The 2-1 decision in Romo v. Teva Pharmaceuticals USA Inc. affirmed a lower court ruling that remanded the case to California state courts, undermining the 2005 Class Action Fairness Act (CAFA) that allows defendants to remove cases with 100 plaintiffs or more to federal court, thereby avoiding discriminatory treatment that out-of-state defendants could face in a state court. (See BioWorld Today, Sept. 27, 2013.)

The case is to be reargued June 16 before an 11-judge en banc panel.

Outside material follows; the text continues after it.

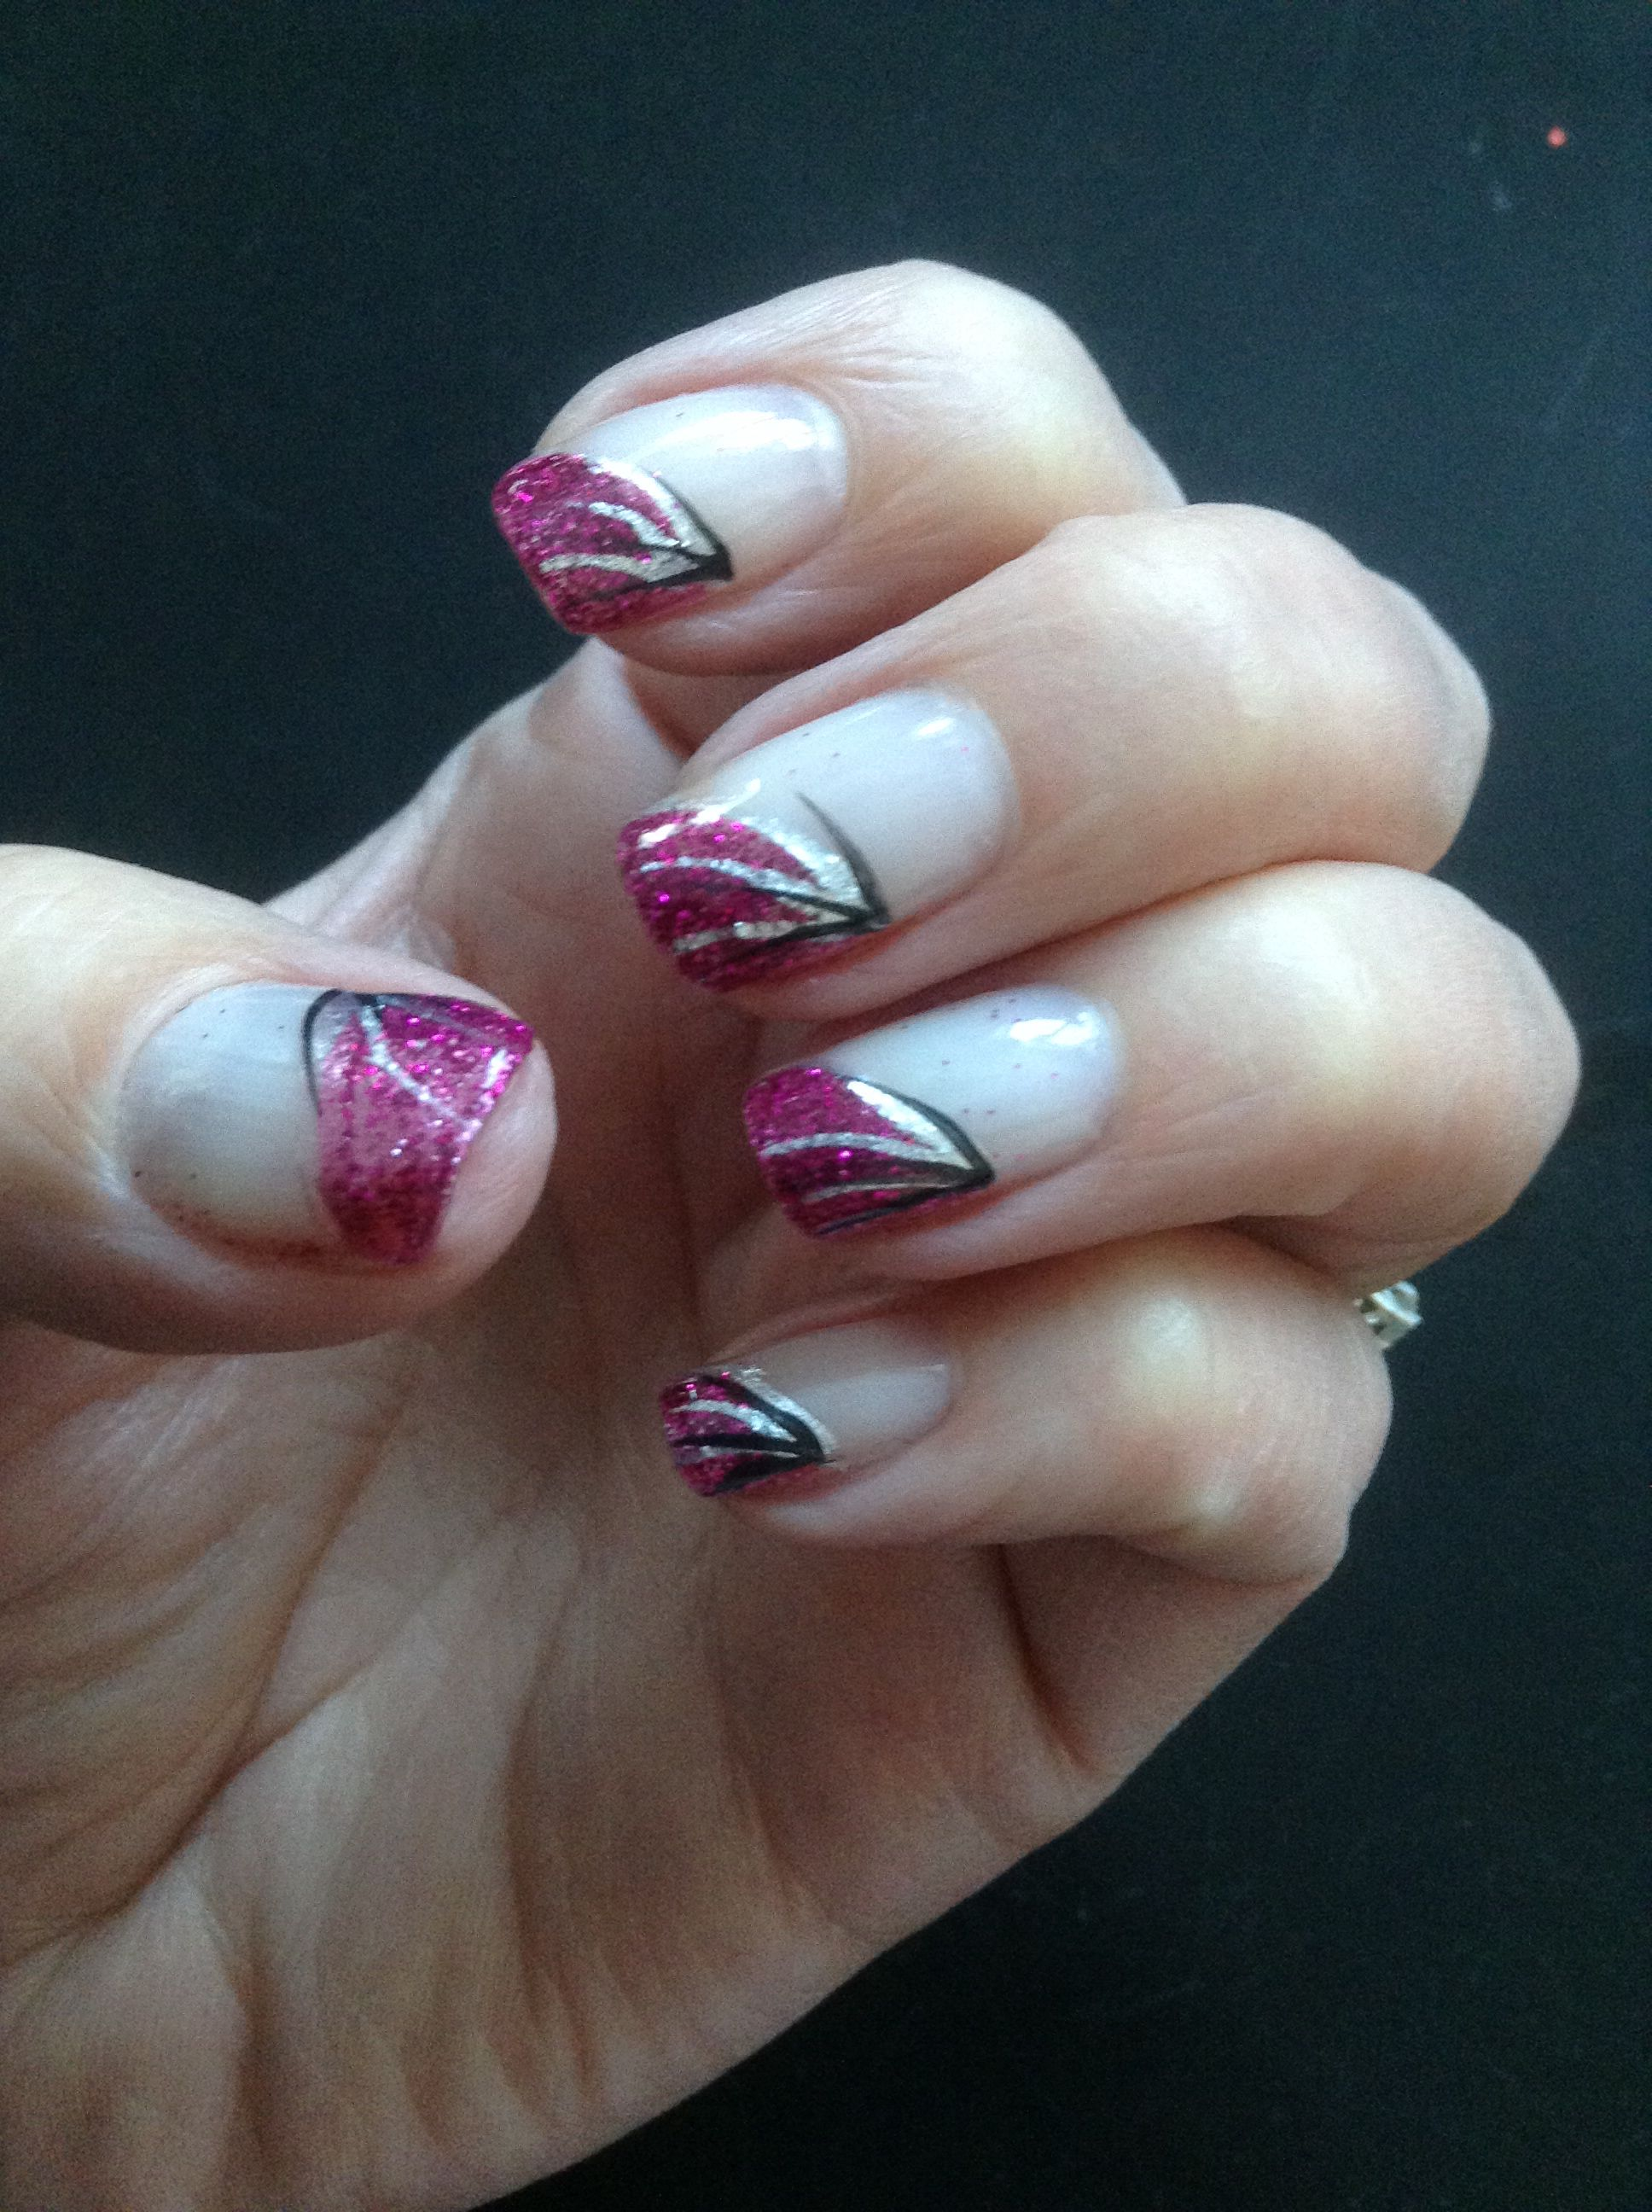 Nails by Nancy :) Pretty in pink

To get around the CAFA mass action provisions, Romo attorneys divided the plaintiffs into several identical lawsuits, which they then sought to coordinate for all purposes. The plaintiffs, many of whom are not California residents, alleged injuries arising from the use of prescription pain medications containing propoxyphene. The opioid drugs, which included Darvon and Darvocet, were withdrawn from the U.S. market in 2010 due to cardiovascular safety concerns. (See BioWorld Today, July 8, 2009.)


As a result of a study published in The New England Journal of Medicine (NEJM) a few months ago, the FDA is reviewing the heart failure risk with Bristol-Myers Squibb Co.’s (BMS) diabetes drug saxagliptin, marketed as Onglyza and Kombiglyze XR.

The agency plans to conduct an analysis of trial data it has requested from BMS. The analysis is part of a broader evaluation of all type II diabetes drugs and cardiovascular risk, the FDA said.

The NEJM study compared saxagliptin with placebo in nearly 16,500 subjects who were followed for two years. Researchers found that 3.5 percent of the patients in the saxagliptin group were hospitalized for heart failure compared with 2.8 percent in the placebo group. Rates of cardiovascular death, heart attack or stroke were similar in the two groups – 7.3 percent in the treatment group and 7.2 percent in the placebo arm.

At this time, the FDA said, it considers the information from the NEJM study to be preliminary.


FDA Commissioner Margaret Hamburg won’t return from India empty-handed.

“In the spirit of continued collaboration and a commitment to quality,” she said she signed a statement of intent with the Indian Ministry of Health and Family Welfare Monday.

Calling the statement an important milestone, Hamburg said, “Our organizations plan to collectively work together to improve the lines of communication between our agencies and work diligently to ensure that the products being exported from India are safe and of high quality.”